Между первой и второй чашками душистого китайского чая Аполлон спросил девочку, не приходят ли к ней все еще те самые сны.

Признаюсь, они поразили меня...

Настя уверенно покачала головой:

Те сны приходят только когда я болею... Но если вы говорите о госпоже Милодоре, то есть обо мне, то я – ваша невеста... – слова эти Настя сказала запросто, шмыгнув носом, прихлебывая чай, откусывая от пряника, качая ногой под столом; она и не задумывалась над тем, какой эффект ее слова могут произвести на Аполлона, который как раз и ждал от нее каких-то подобных слов.

Аполлон с улыбкой предложил:

Мы с тобой пока будем дружить. Ладно? Мы ведь хорошо понимаем друг друга.

Только вы. Другие ничего не видят во мне; или видят лишь девочку, играющую в куклы...

Ая?

Вы видите во мне невесту.

А в госпоже Милодоре?..

Настя аккуратно подобрала со скатерти крошки глазури, насыпавшейся с пряника, и отправила их в рот.

Сегодня просторно, завтра – темно, а потом может быть тесно...

Ты о чем? – не понял Аполлон.

Вы спросили, я сказала... Говорю, потому что говорится... Сама не знаю... – Настя с каким-то нервным выражением лица глянула за окно. – А вы... знаете?

Он улыбнулся растерянно:

Этого никто не знает. Но ты говори... если чувствуешь, что слова от сердца. Твое сердце мудрое, я заметил.

Настя опять, с наслаждением жмурясь, прихлебывала чай; быть может, она и не пила прежде такого вкусного чая. Девочка сказала:

Она тоже знает, что я ваша невеста. Мы разговариваем иногда. Она сказала, что пишет про меня, и я как бы живу у нее в голове... Она о вас знала, когда вы еще были далеко и только увидели ее издали... Я ей сказала...

Издали... – у Аполлона так и вытянулось лицо. – На балу?

Кажется, на улице... Но это не важно...

А что важно?

Есть еще одна женщина. Все присматривается к вам, ходит вокруг.

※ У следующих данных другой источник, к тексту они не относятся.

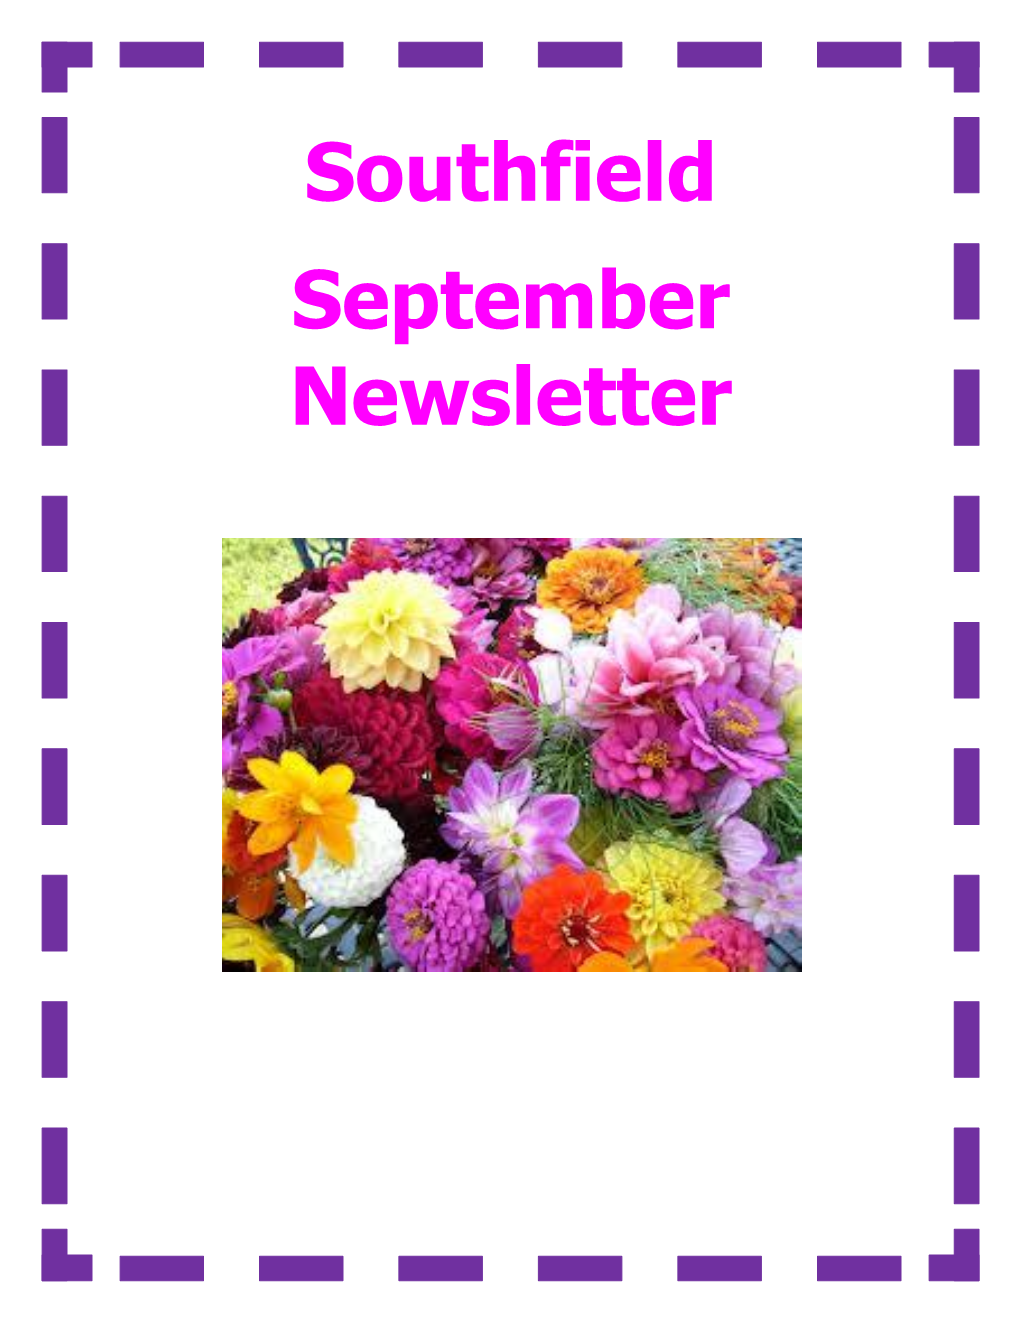 Southfield September Newsletter

Устиша? – засмеялся Аполлон. – Бог мой! Она только милая девушка. И не имеет никакого отношения...

Настя грустно покачала головой:

Нет, Устиша – мне как сестра. Она добрая. А та женщина... Не приведи Господь с ней встретиться. Но с ней все встречаются однажды.

Аполлон кивнул:

Я, кажется, понял, о ком ты. Но не думаешь же ты, что она постучит ко мне в дверь?

Взгляд у Насти стал отстраненный:

К вам... Или к госпоже Милодоре... Или ко мне... А может, еще к кому-то, но постучит непременно. И скоро... Иначе зачем же она тут ходит?

Аполлон подвинул ближе к девочке корзинку с пряниками, стоящую на столе:

Кто-то другой принял бы наш разговор за птичий щебет. Не находишь?

Только не госпожа Милодора, – Настя взяла еще пряник; она, кажется, была голодна.

Глава 13

Однажды поздно утром, когда Аполлон отсыпался после ночных бдений у свечи, к нему в дверь постучала Устиша и сказала, что приехала госпожа и просит, как только он сможет, зайти к ней...

Сна у Аполлона как ни бывало. И уже минут через двадцать он готов был идти... бежать... лететь... Но ради приличия Аполлон решил выждать хоть час. Этот час показался ему чуть не самым долгим в жизни... Аполлон сидел за столом и смотрел на циферблат, нетерпеливым взглядом едва не подталкивая стрелки.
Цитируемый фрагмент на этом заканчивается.